Get advice and support with infant feeding from other users here.

So today I learned that gorillas nurse their young until they are 3 or 4....

331 replies

georgimama · 12/10/2008 22:09

That's it really. Was at Bristol Zoo and the lovely keeper gave a talk about all their gorillas. They have a 23 month old baby and he is still nursing and apparently will continue to do so until he is about 3 or 4.

I just thought that was lovely. Seriously cute gorilla baby.

OP posts:
AnarchyAunt · 16/10/2008 09:55

Baby guinea pigs are born fully formed though - they pop out and run round the cage squeaking and eating lettuce immediately.

Different.

berolina · 16/10/2008 09:55

drama, is that figure from one study, and were socio-economic factors controlled for? I know ff increases SIDS risk, but the 50% figure surprises me a little too.

VictorianSqualorSquelchNSquirm · 16/10/2008 09:57

Oh, and I meant to say about weaning. From what I have researched for my blog it seems that formula milk is the main cause of people weaning their child off the breast earlier and earlier.
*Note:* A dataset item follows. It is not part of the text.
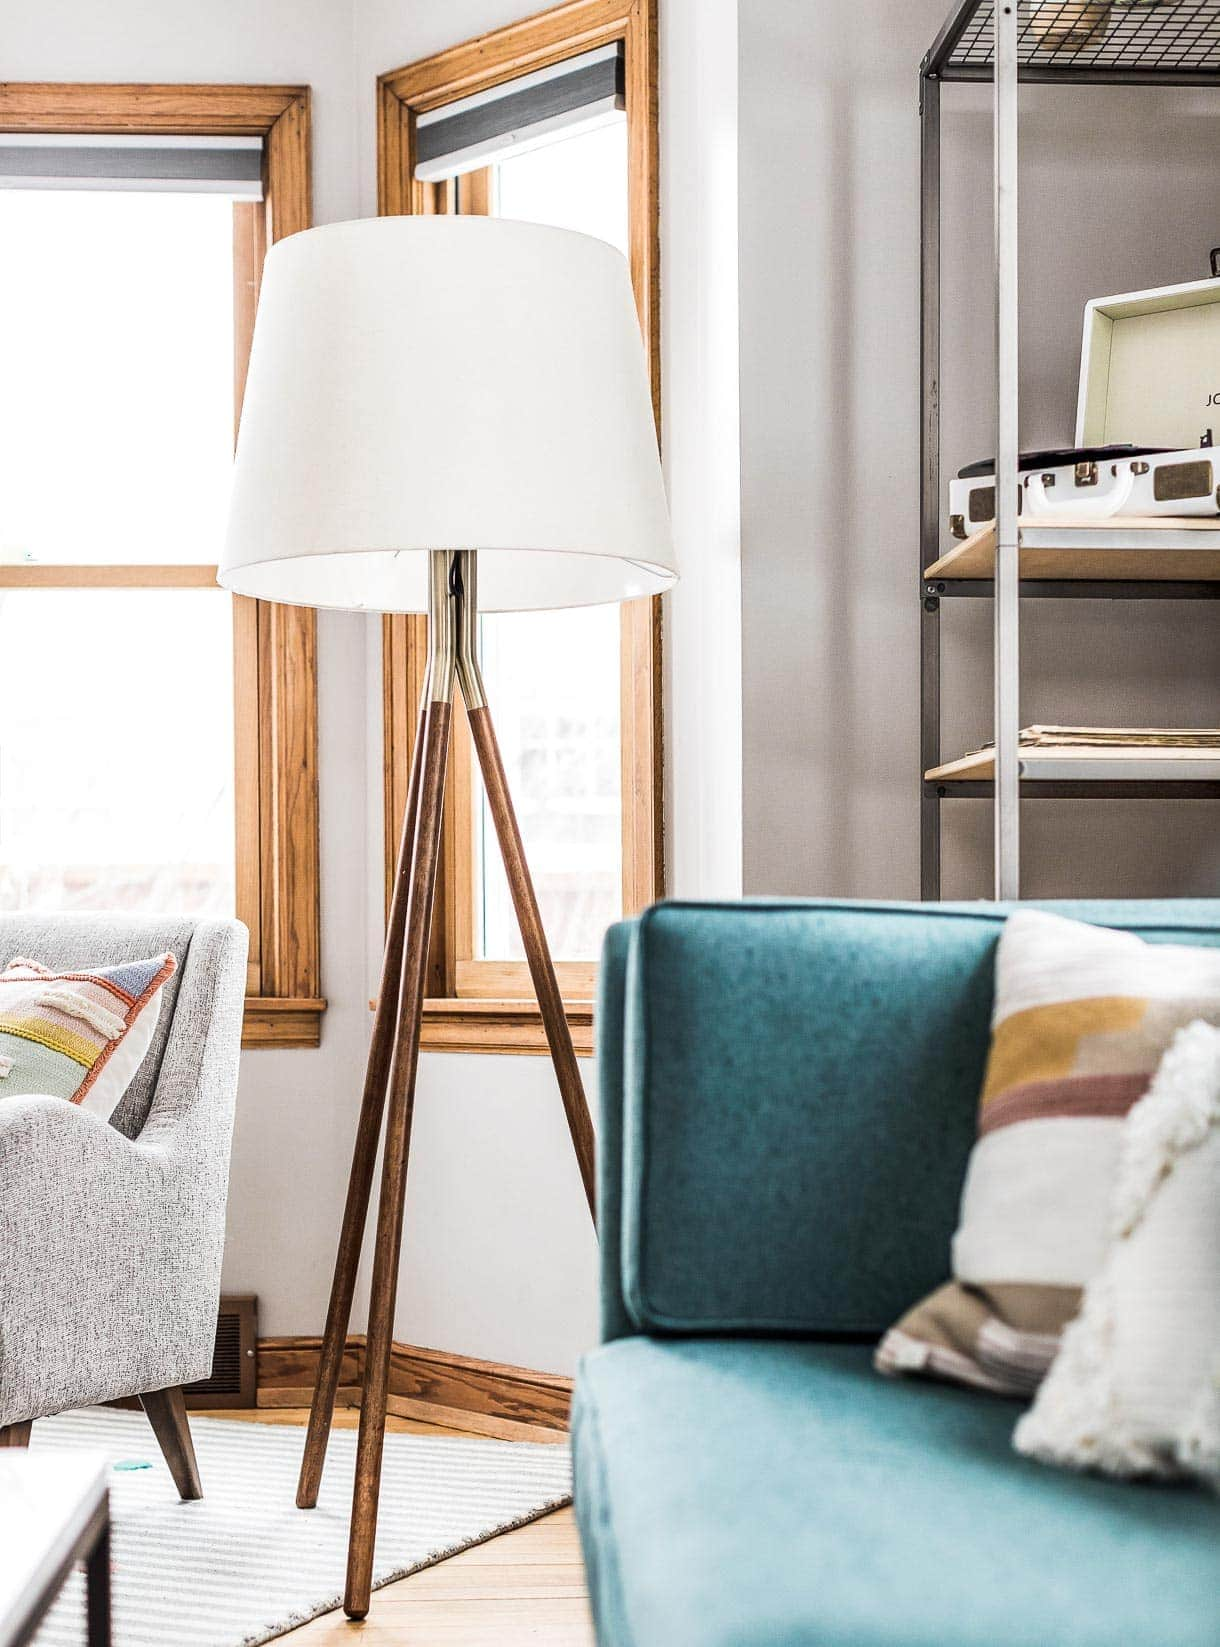 crate and barrel floor lamp, tripod floor lamp

IT started back in the late 1800s when the first formula milk was introduced although formula was not widespread until the early-mid 1900s, at which point women were beginning to enter the workforce, both thanks to the acceptance of women in employment and the need for it during the war when our menfolk were out fighting.

It meant women were not as able to stay home and breastfeed their babies so formula milk was more and more widely used. However, formula milk was not to the standard it is today so the babies were missing vital nutrition and many got scurvy or rickets.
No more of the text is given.